#### DATA SHOWN ####

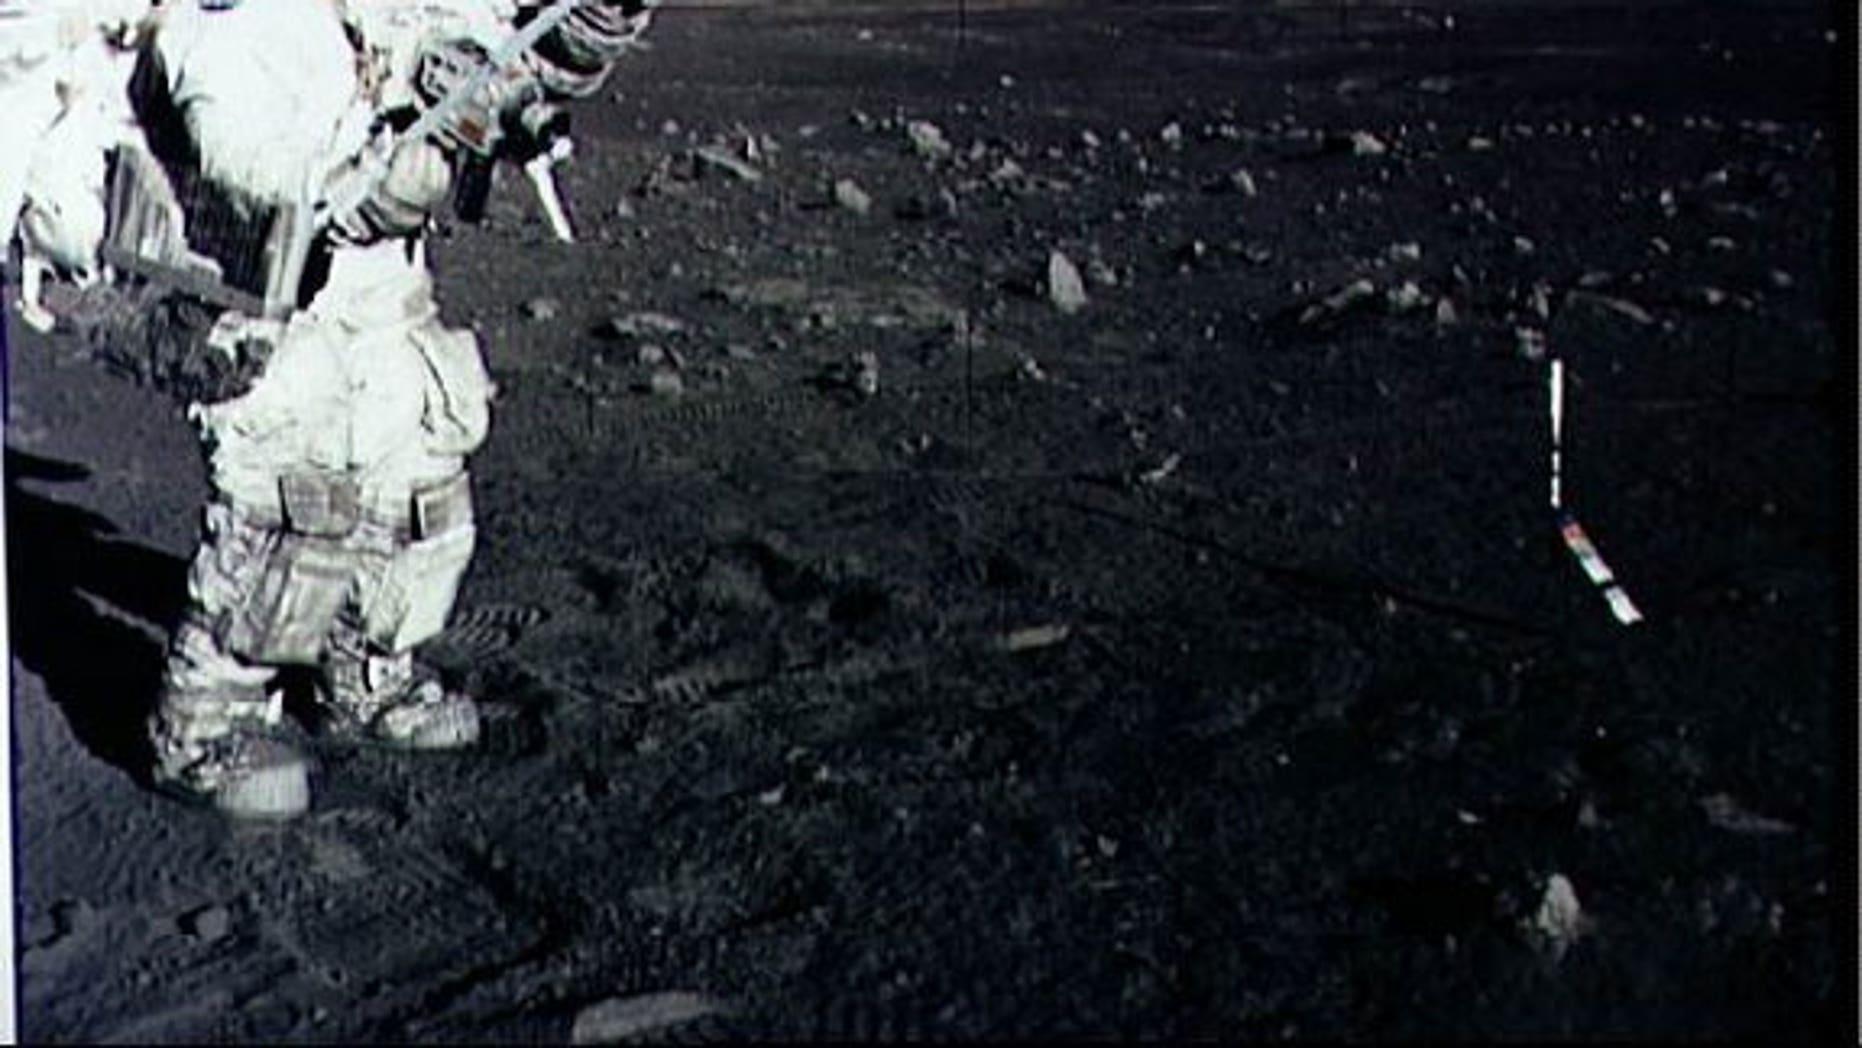 Astronaut Harrison Schmitt collects lunar rake samples during an Apollo 17 moonwalk in December 1973.
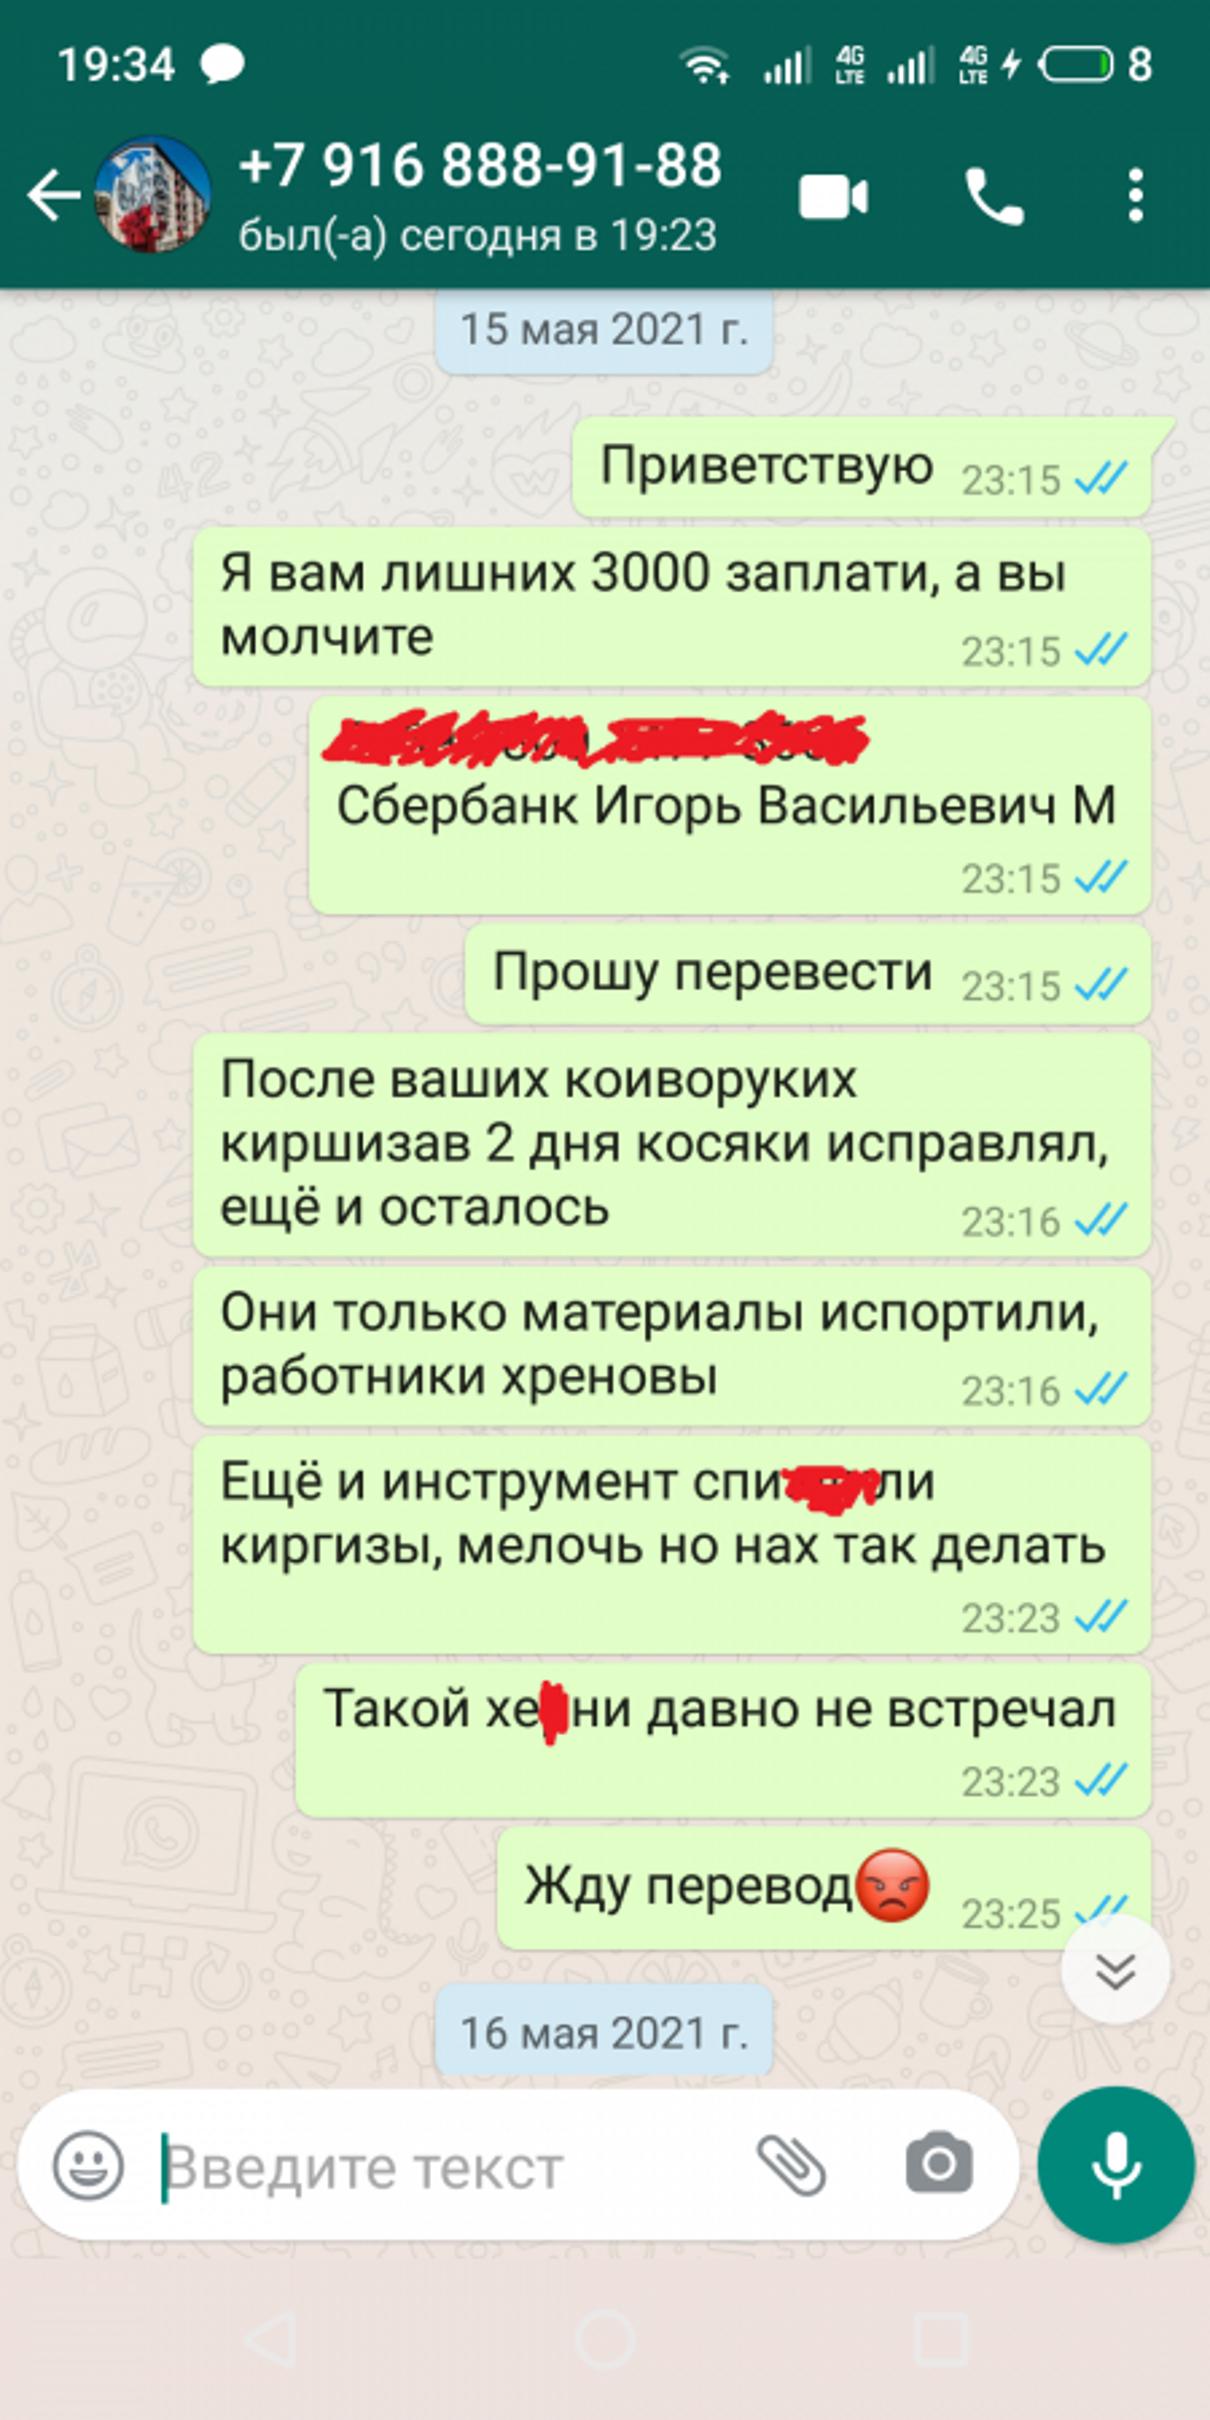 Жалоба-отзыв: Попков Дмитрий Юрьевич - Ремонт квартир - Кидалово
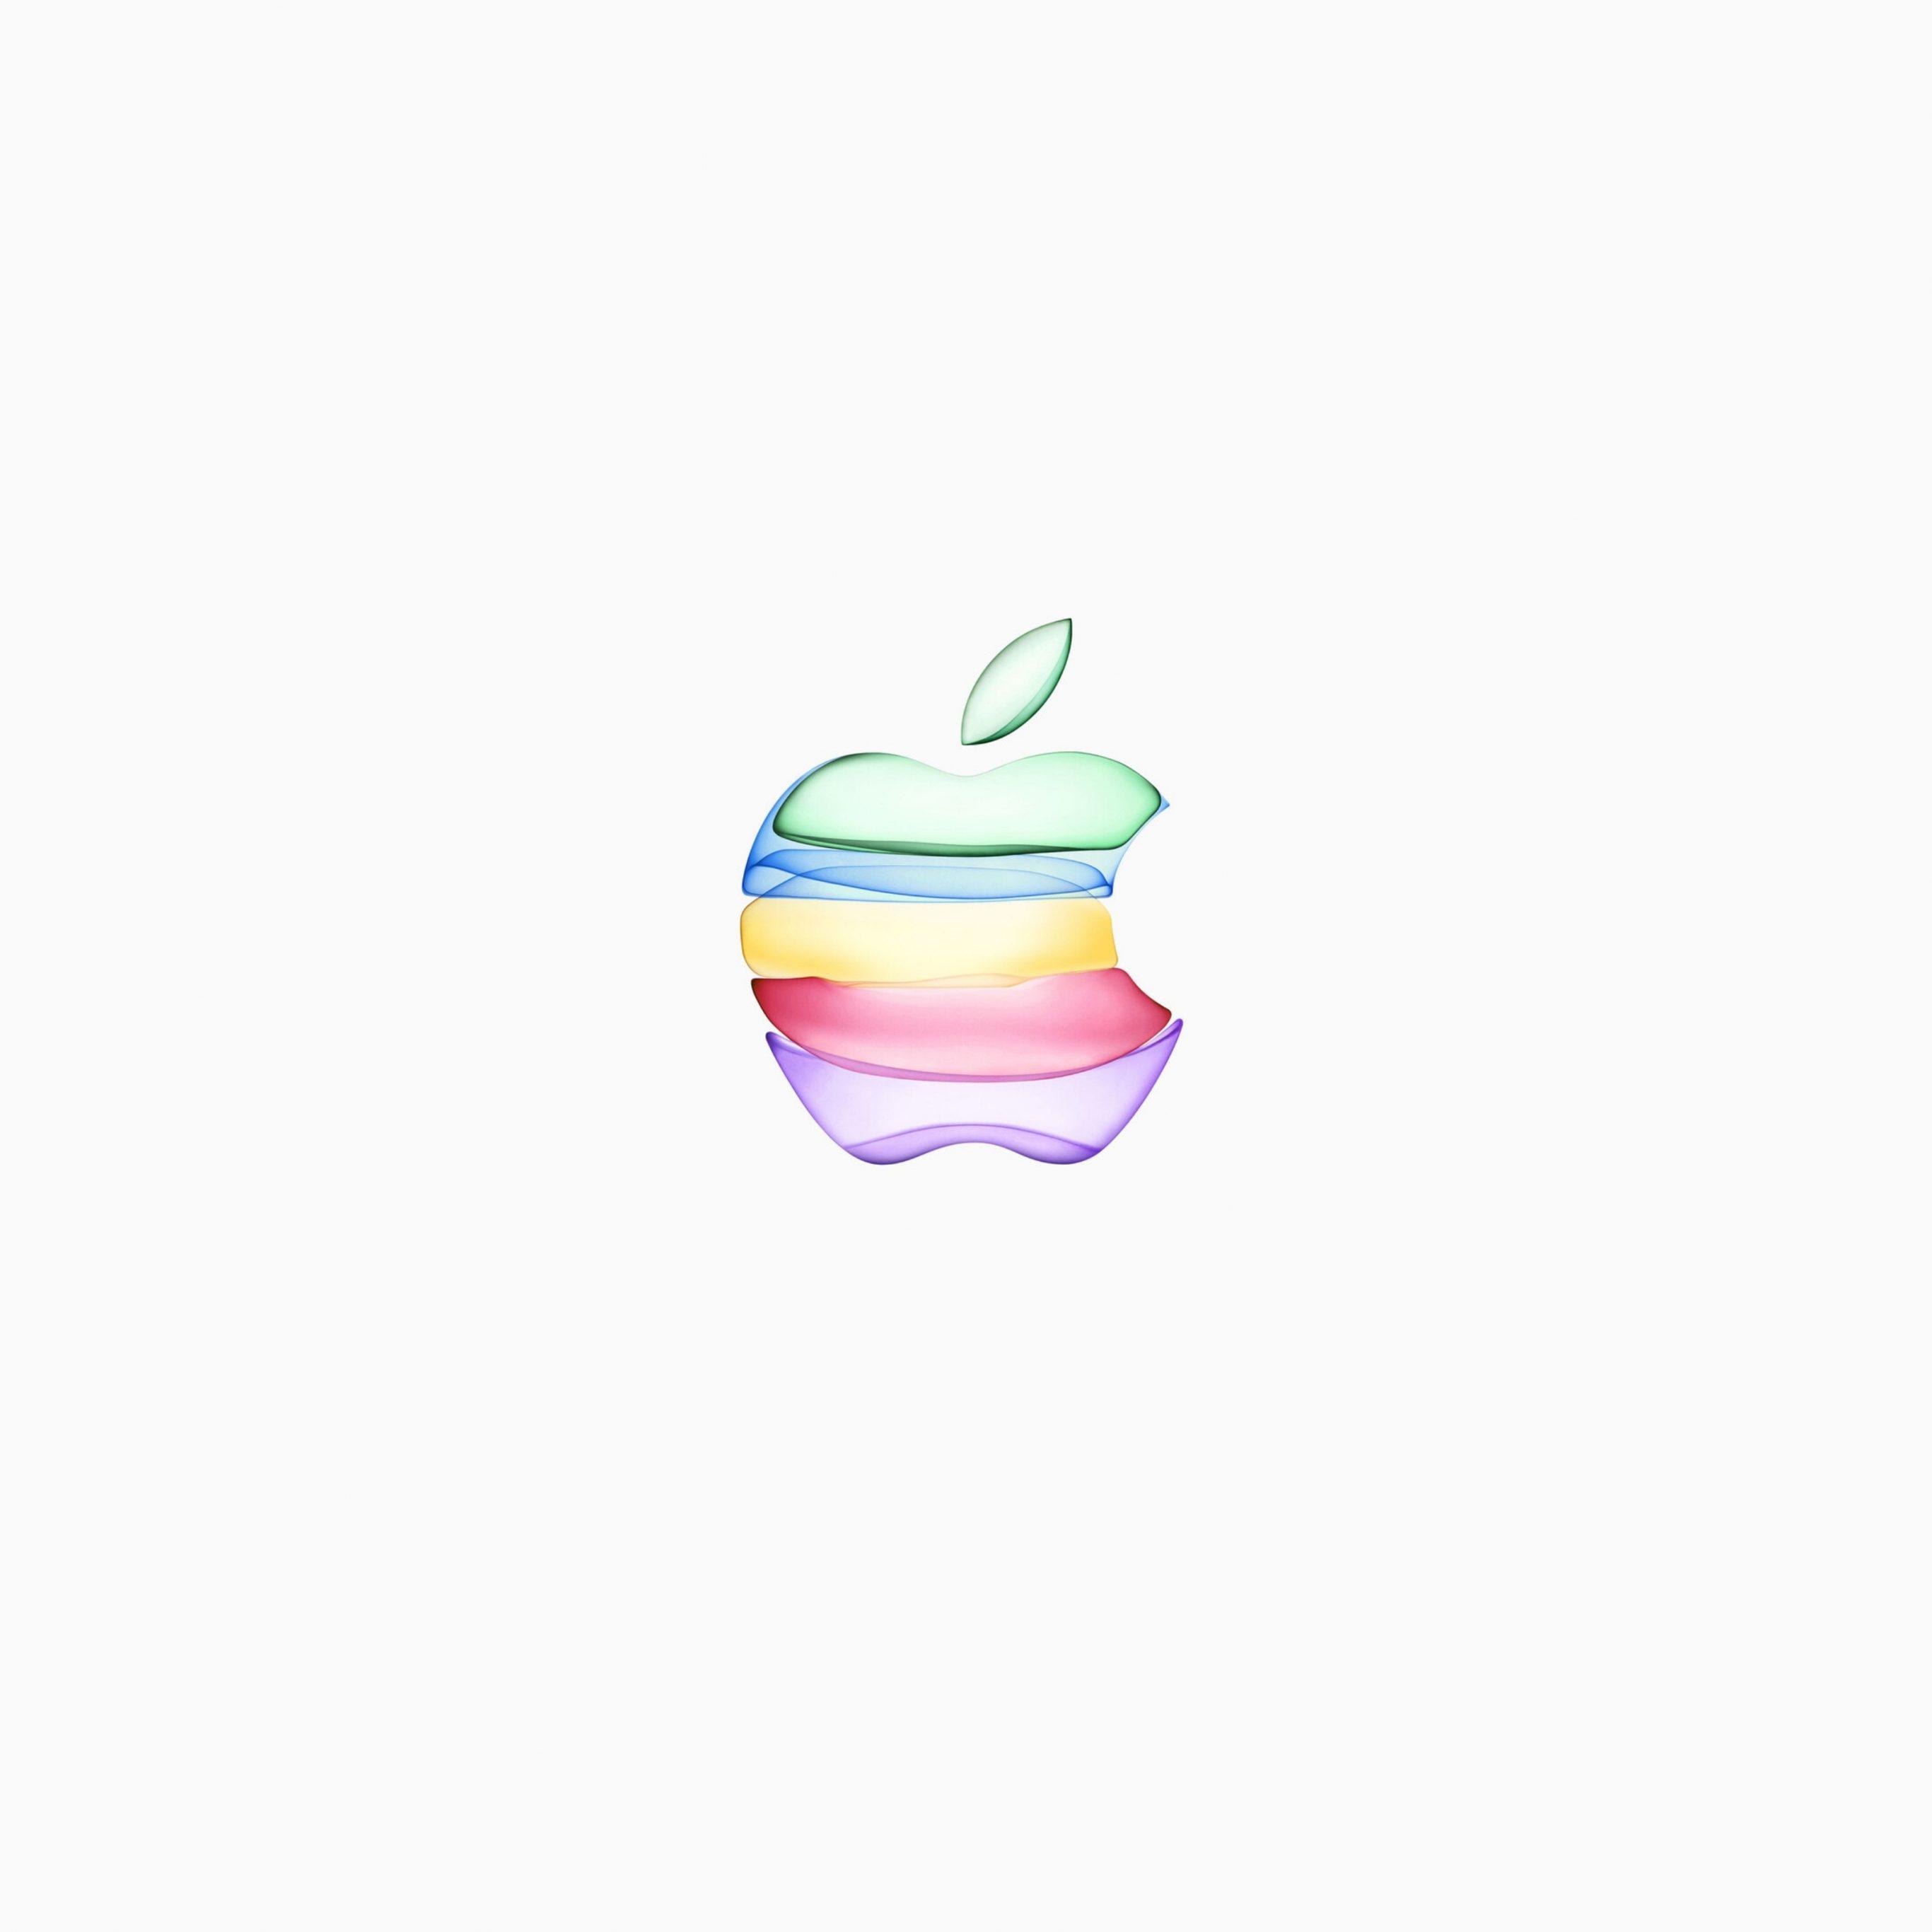 2732x2732 wallpapers 4k iPad Pro iPhone 11 Apple Logo White Background iPad Wallpaper 2732x2732 pixels resolution

####

None of the pictures should appear, though every line of the data above must be reproduced exactly.

| OUTPUT OF THE EXERCISE |
 Astronaut Harrison Schmitt collects lunar rake samples during an Apollo 17 moonwalk in December 1973.
 Жалоба-отзыв: Попков Дмитрий Юрьевич - Ремонт квартир - Кидалово
 2732x2732 wallpapers 4k iPad Pro iPhone 11 Apple Logo White Background iPad Wallpaper 2732x2732 pixels resolution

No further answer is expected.